The Hugo Scouts were a minor league baseball team based in Hugo, Oklahoma in 1914. Preceded by the 1913 Hugo Hugoites, Hugo teams played exclusively as members of the Class D level Texas-Oklahoma League, hosting home games at Ansley Park.

At age 18, Baseball Hall of Fame member Rogers Hornsby played for the 1914 Hugo Scouts in his first professional season.

History
Professional baseball began in Hugo, Oklahoma in the middle of the 1913 season. The Hogo Hugoites began play in the eight–team Class D level Texas-Oklahoma League. On July 7, 1913, the Wichita Falls Drillers franchise relocated to Hugo, Oklahoma. Hugo joined the Ardmore Giants, Bonham Blues, Denison Blue Sox, Durant Choctaws, Paris Boosters, Sherman Lions and Texarkana Tigers in league play.

The Wichita Falls Drillers had a 33–46 record when the franchise relocated to Hugo on July 7, 1913. The team compiled a 21–21 record while based in Hugo and finished with an overall record of 54–70. The Wichita/Hugo team placed 6th in the Texas–Oklahoma League, playing under Manager Fred Morris. The Hugoites finished 29.5 games behind the 1st place Denison Blue Sox in the final standings. Wichita/Hugo player Fred Nicholson led the league with both 90 runs scored and 147 hits.

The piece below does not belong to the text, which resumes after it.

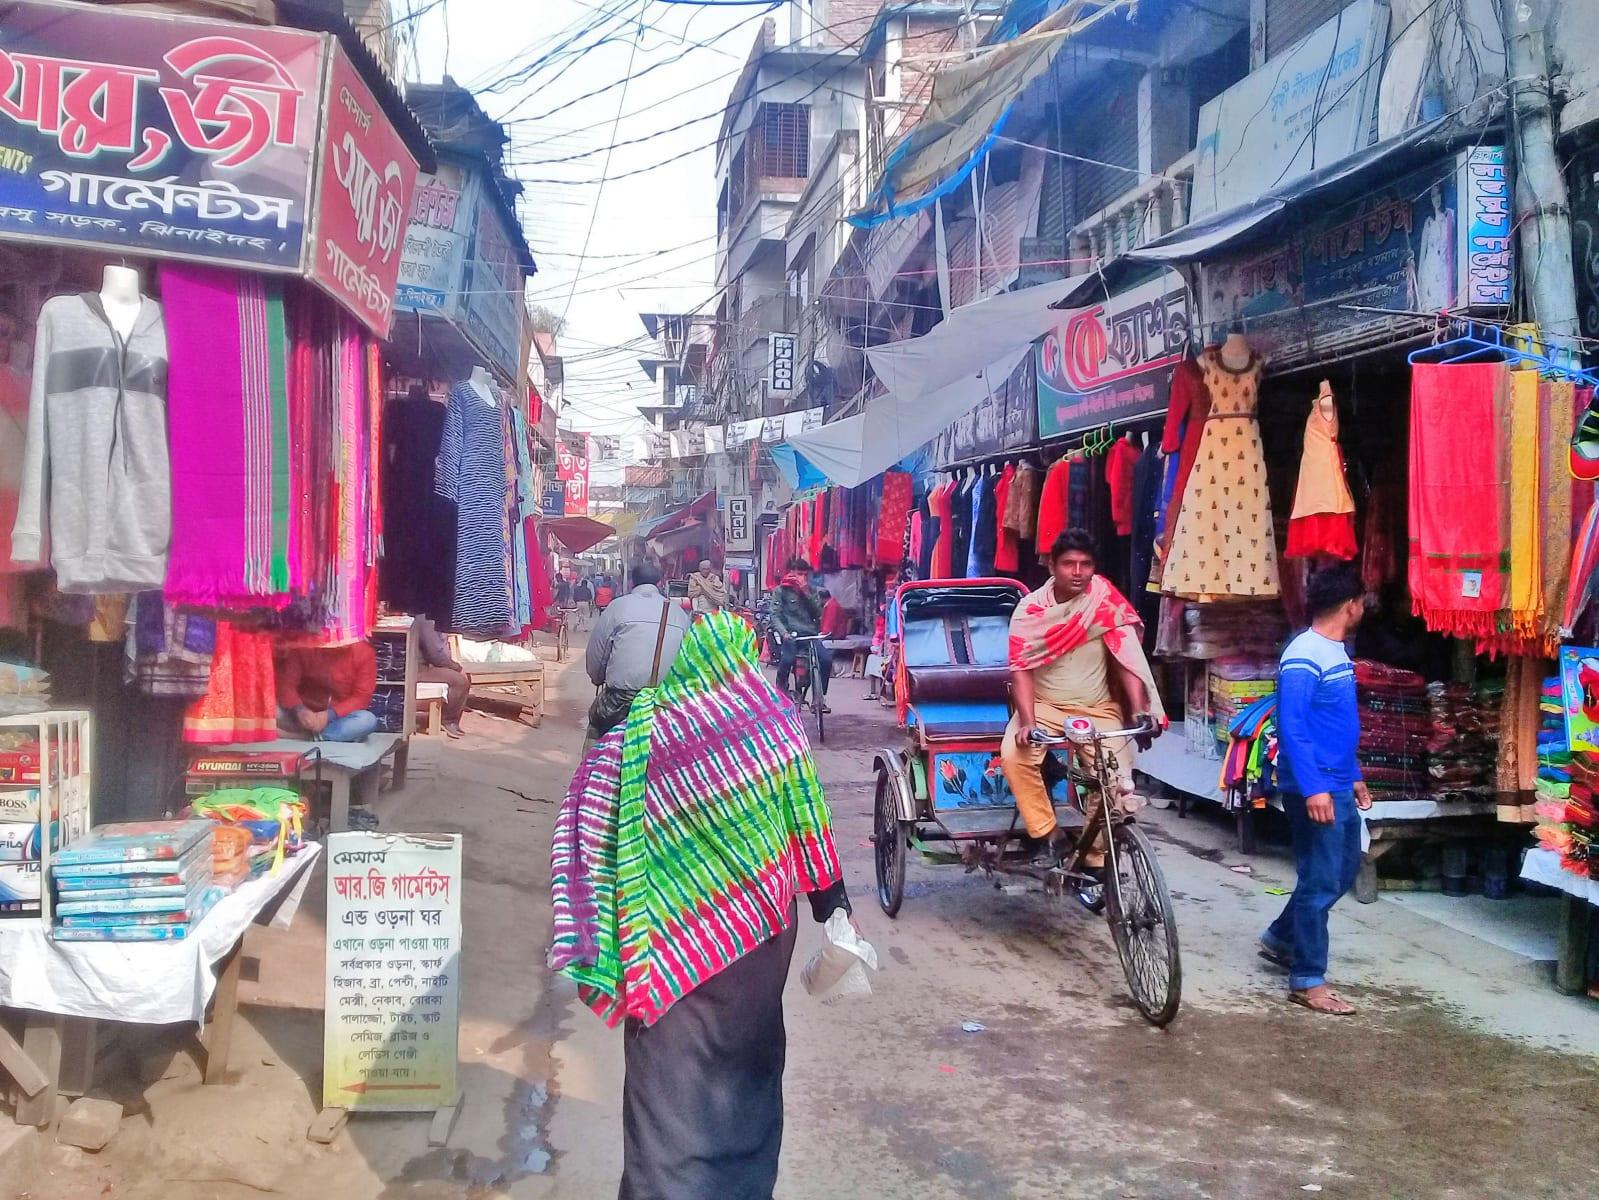 Pohled do bangladéšské ulice, Dháka, Bangladéš

The team became known as the Hugo "Scouts" in 1914, as the franchise continued play as members of the Texas–Oklahoma League, before folding during the season. On June 11, 1914, the Hugo Scouts had compiled a 19–32 record playing under managers Lon Ury and Leo Nevitt when the franchise disbanded. The Ardmore Indians franchise disbanded on the same day. The Texas–Oklahoma League folded permanently after the 1914 season.

At age 18, Baseball Hall of Fame member Rogers Hornsby played for the 1914 Hugo Scouts. Hornsby reportedly signed with the Scouts for $75.00 per month and hit .232 with 45 errors for the season.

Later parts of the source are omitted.